## TASK OBJECTIVE
Return every line from the records below with the string "Black".

(Stored items from a collection)

===

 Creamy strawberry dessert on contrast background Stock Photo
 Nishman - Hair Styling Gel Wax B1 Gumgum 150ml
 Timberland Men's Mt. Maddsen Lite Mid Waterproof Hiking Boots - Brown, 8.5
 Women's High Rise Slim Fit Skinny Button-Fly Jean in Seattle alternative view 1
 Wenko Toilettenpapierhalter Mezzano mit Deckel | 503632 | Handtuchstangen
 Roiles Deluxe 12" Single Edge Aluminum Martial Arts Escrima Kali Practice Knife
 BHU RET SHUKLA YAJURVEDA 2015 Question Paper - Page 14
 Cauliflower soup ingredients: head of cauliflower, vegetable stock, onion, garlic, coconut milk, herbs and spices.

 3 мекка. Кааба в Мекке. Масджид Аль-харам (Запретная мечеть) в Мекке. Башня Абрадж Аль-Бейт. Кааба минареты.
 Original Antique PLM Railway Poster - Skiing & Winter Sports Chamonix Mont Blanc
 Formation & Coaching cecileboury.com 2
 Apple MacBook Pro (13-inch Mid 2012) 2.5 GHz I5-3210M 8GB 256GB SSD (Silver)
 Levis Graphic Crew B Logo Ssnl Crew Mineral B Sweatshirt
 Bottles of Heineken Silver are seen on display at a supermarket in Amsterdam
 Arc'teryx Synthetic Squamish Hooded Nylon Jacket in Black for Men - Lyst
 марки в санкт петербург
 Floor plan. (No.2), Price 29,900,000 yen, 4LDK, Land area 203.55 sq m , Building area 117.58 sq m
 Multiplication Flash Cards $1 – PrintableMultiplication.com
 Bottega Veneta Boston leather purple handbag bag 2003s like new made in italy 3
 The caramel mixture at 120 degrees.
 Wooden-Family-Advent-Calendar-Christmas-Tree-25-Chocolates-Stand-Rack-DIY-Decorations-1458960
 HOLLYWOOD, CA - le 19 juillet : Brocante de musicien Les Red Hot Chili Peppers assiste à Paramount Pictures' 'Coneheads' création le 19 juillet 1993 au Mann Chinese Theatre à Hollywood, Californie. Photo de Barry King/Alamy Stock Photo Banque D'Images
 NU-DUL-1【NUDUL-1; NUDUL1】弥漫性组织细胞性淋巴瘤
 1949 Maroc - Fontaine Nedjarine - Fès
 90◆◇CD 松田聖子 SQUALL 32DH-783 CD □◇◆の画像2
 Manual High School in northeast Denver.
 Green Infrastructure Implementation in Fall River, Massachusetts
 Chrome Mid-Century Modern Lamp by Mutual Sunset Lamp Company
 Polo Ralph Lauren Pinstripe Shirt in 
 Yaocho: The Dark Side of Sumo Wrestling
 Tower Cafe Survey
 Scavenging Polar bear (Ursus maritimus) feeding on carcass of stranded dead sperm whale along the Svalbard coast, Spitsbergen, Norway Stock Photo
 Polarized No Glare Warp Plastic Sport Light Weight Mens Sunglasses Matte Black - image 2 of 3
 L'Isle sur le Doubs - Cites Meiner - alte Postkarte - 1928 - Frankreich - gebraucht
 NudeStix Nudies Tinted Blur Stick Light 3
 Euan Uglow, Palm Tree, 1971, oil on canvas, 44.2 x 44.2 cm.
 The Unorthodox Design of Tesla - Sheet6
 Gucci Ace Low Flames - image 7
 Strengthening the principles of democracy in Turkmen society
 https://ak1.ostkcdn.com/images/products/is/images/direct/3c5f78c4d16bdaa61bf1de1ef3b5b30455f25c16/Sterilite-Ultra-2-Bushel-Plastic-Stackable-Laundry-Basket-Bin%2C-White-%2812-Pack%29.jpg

===

## OUTPUT OF THE EXERCISE
 Arc'teryx Synthetic Squamish Hooded Nylon Jacket in Black for Men - Lyst
 Polarized No Glare Warp Plastic Sport Light Weight Mens Sunglasses Matte Black - image 2 of 3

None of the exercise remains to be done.